• **EXERCISE REQUIREMENTS**
Repeat the listing below verbatim, without its images.

• **GIVEN DATA**
★ ★ ★

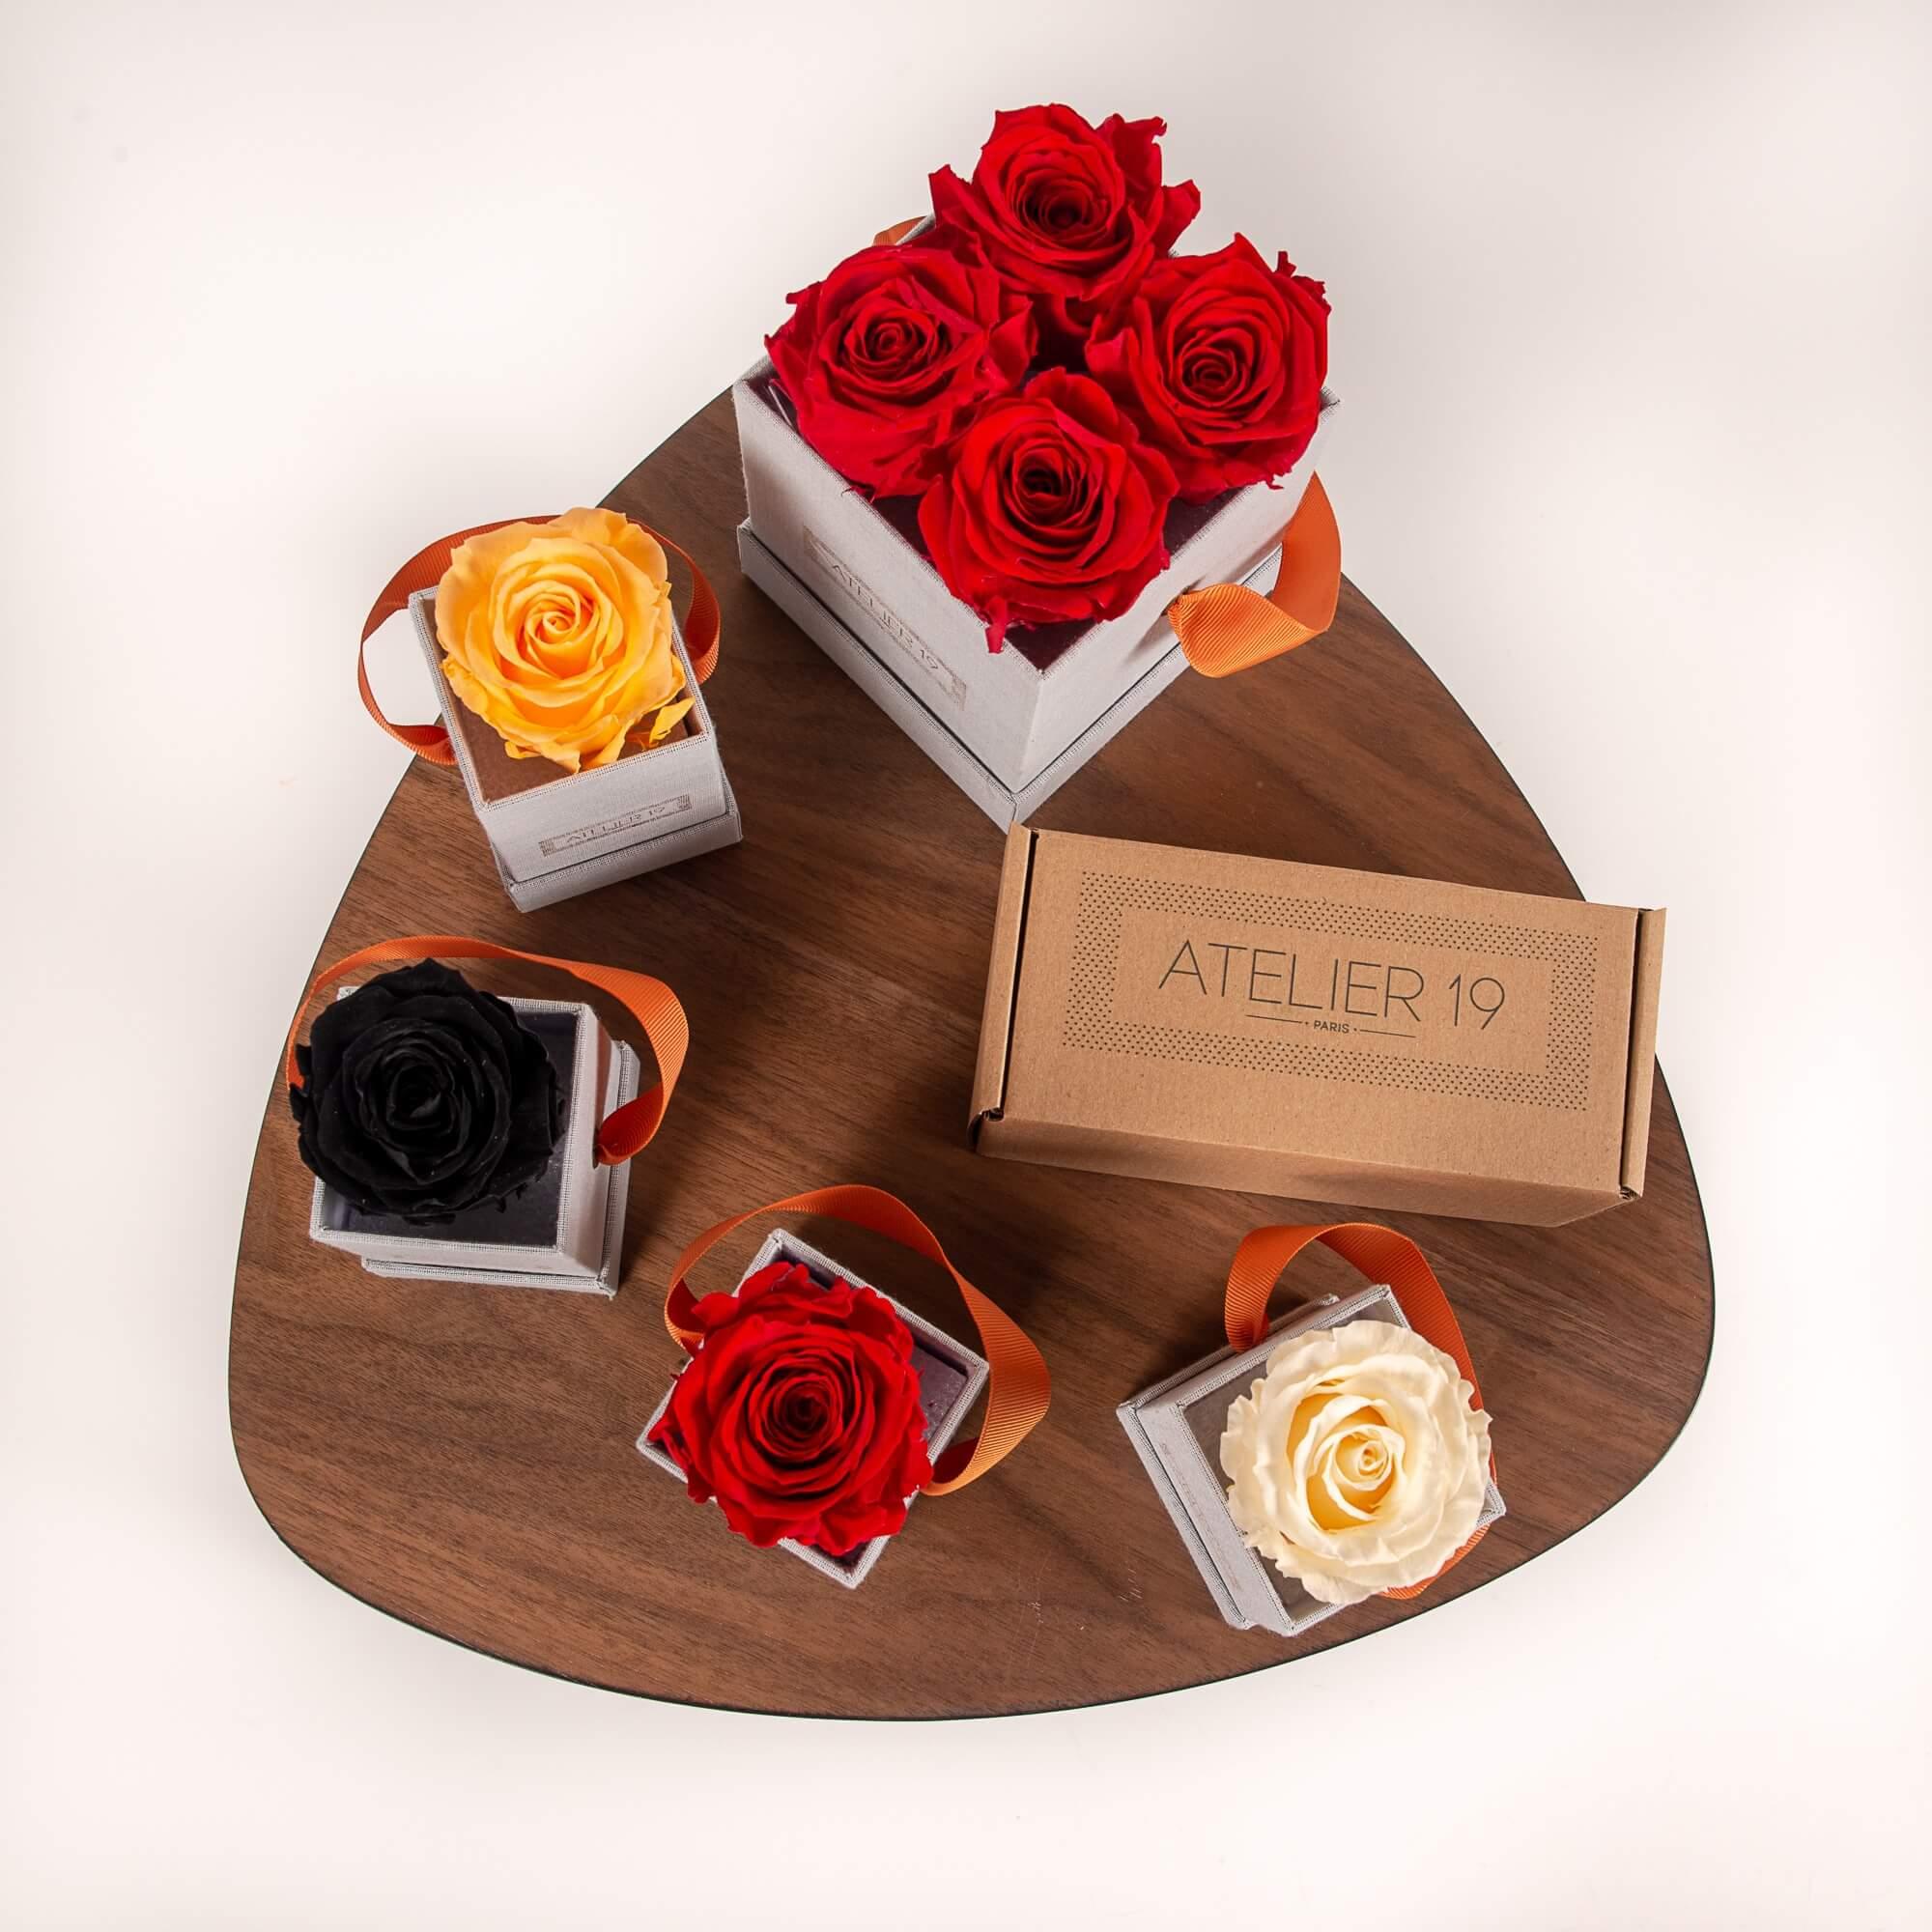 Box de roses Atelier 19
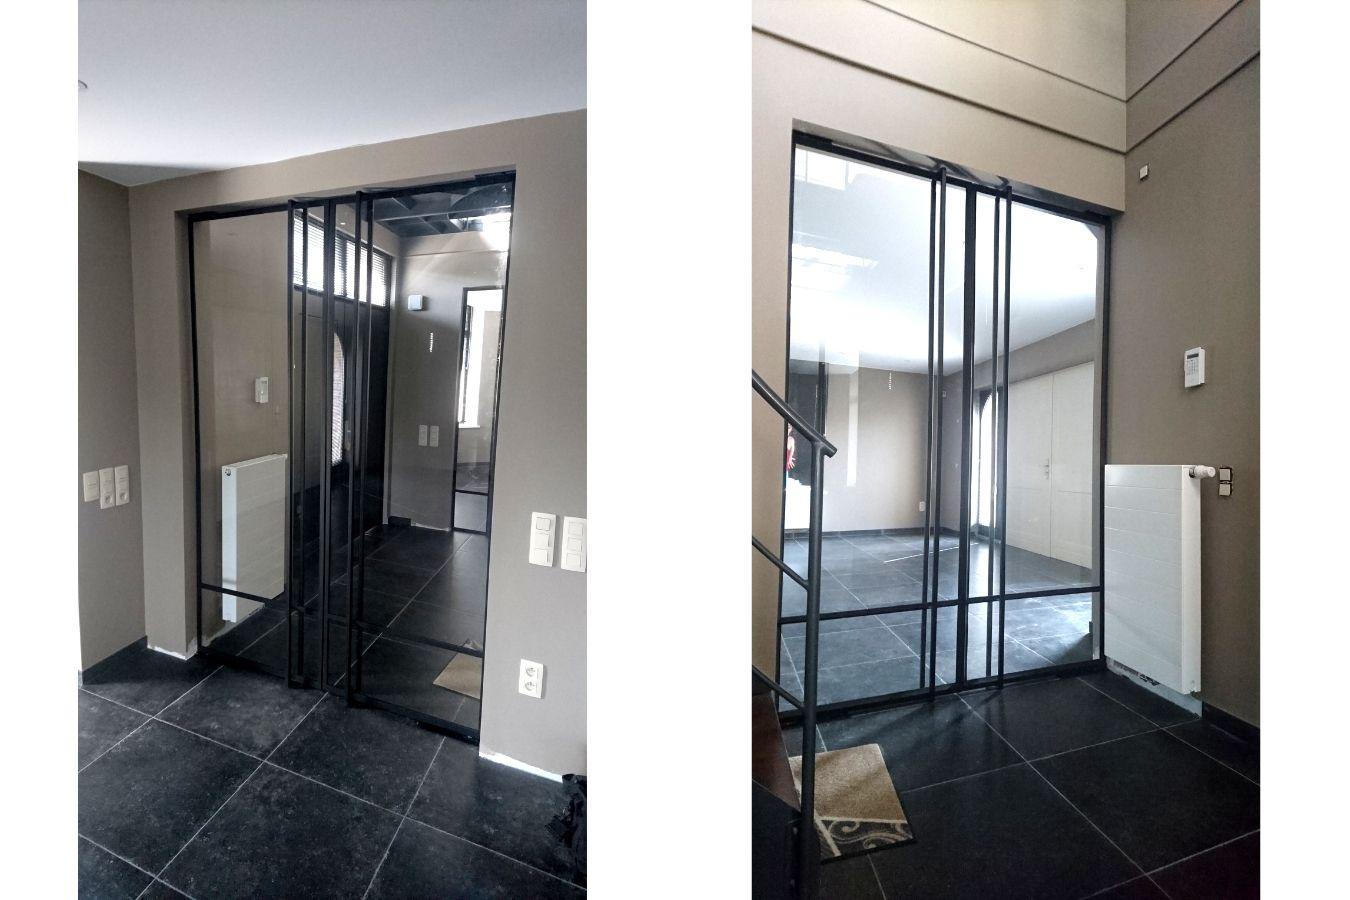 Stalen binnendeur in nieuwbouw villa - Stalen binnenpui - Stalen binnendeur - Stalen taatsdeur gerealiseerd door StalenDeurenHuys - Specialist in stalen deuren/pivot deuren
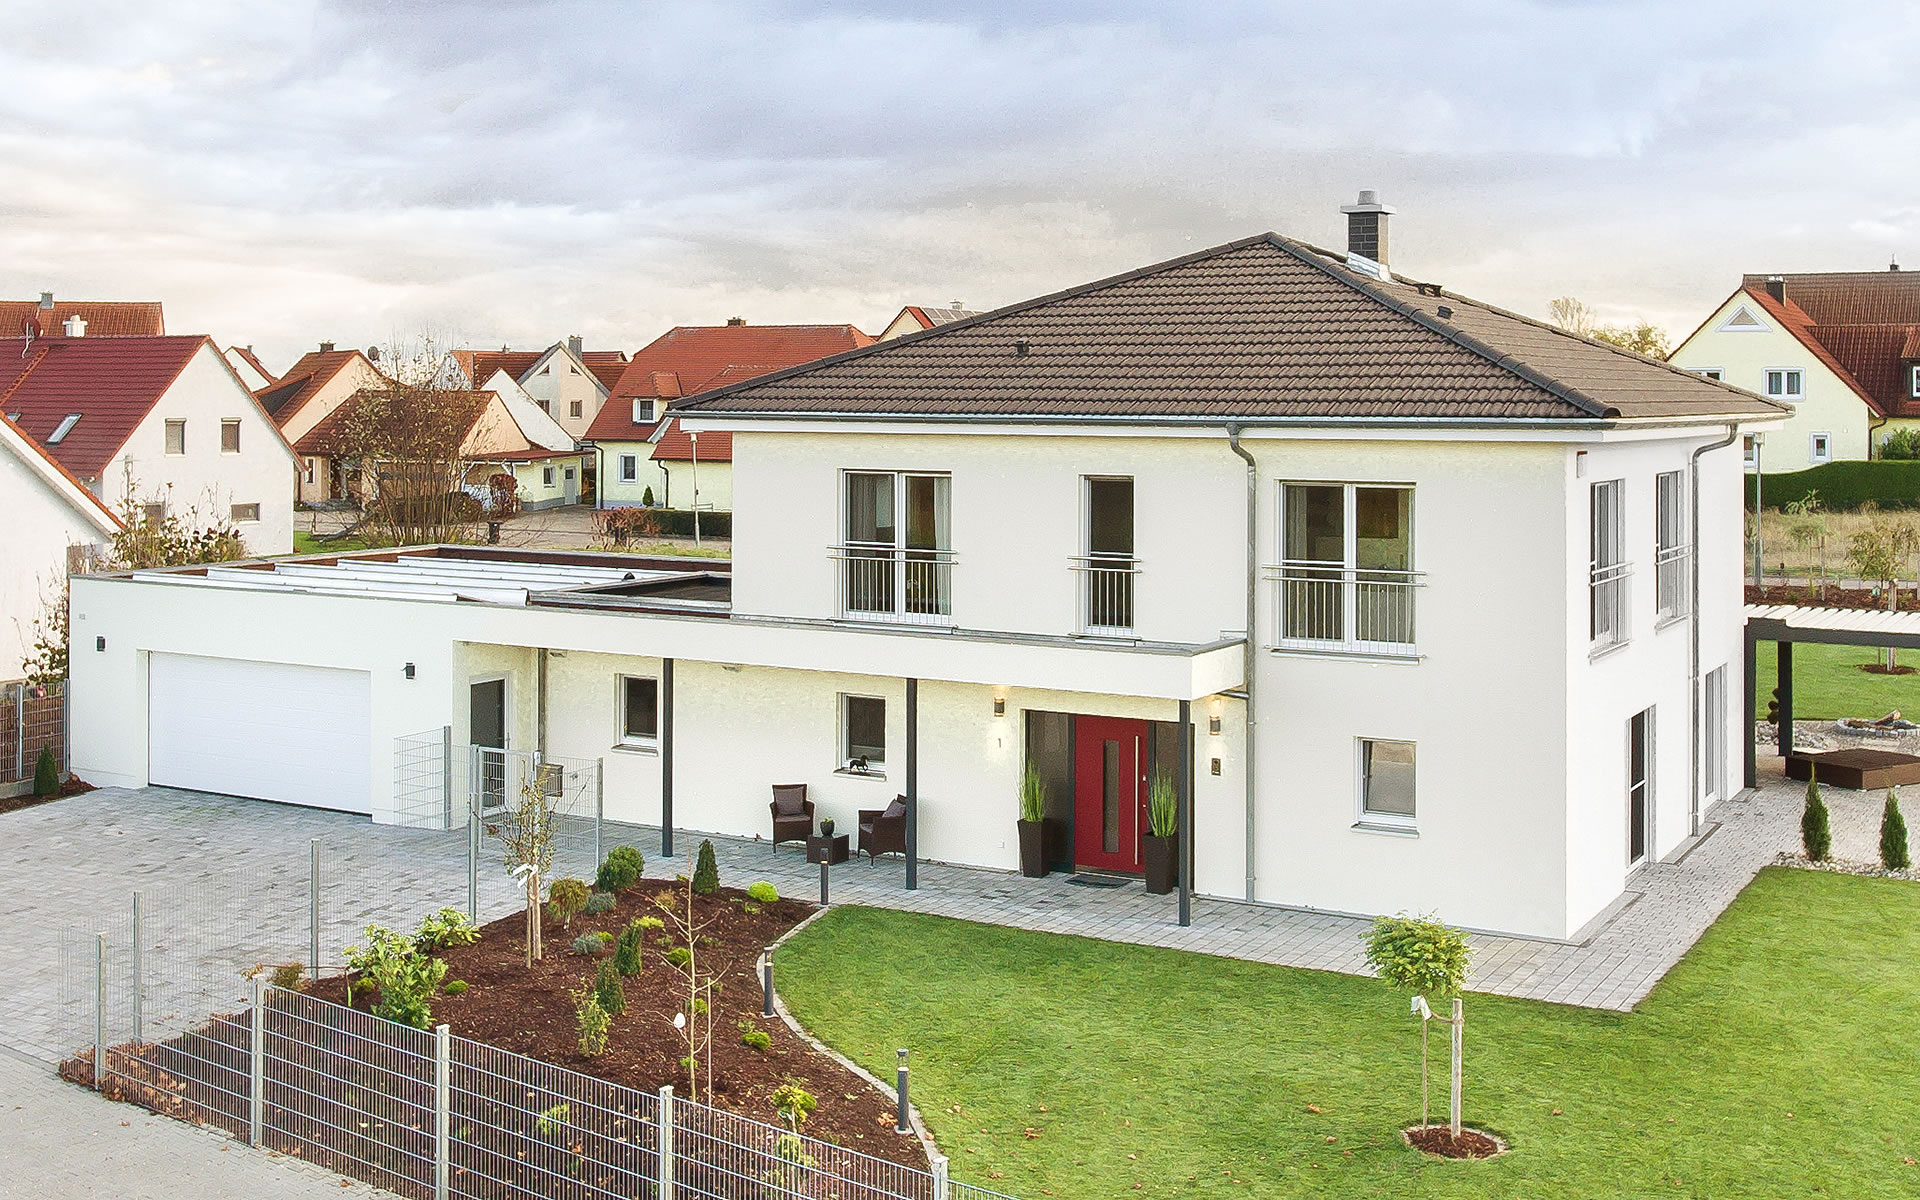 Stadtvilla 247 - FischerHaus GmbH & Co. KG

★ ★ ★

• **TASK OUTPUT**
 Box de roses Atelier 19
 Stalen binnendeur in nieuwbouw villa - Stalen binnenpui - Stalen binnendeur - Stalen taatsdeur gerealiseerd door StalenDeurenHuys - Specialist in stalen deuren/pivot deuren
 Stadtvilla 247 - FischerHaus GmbH & Co. KG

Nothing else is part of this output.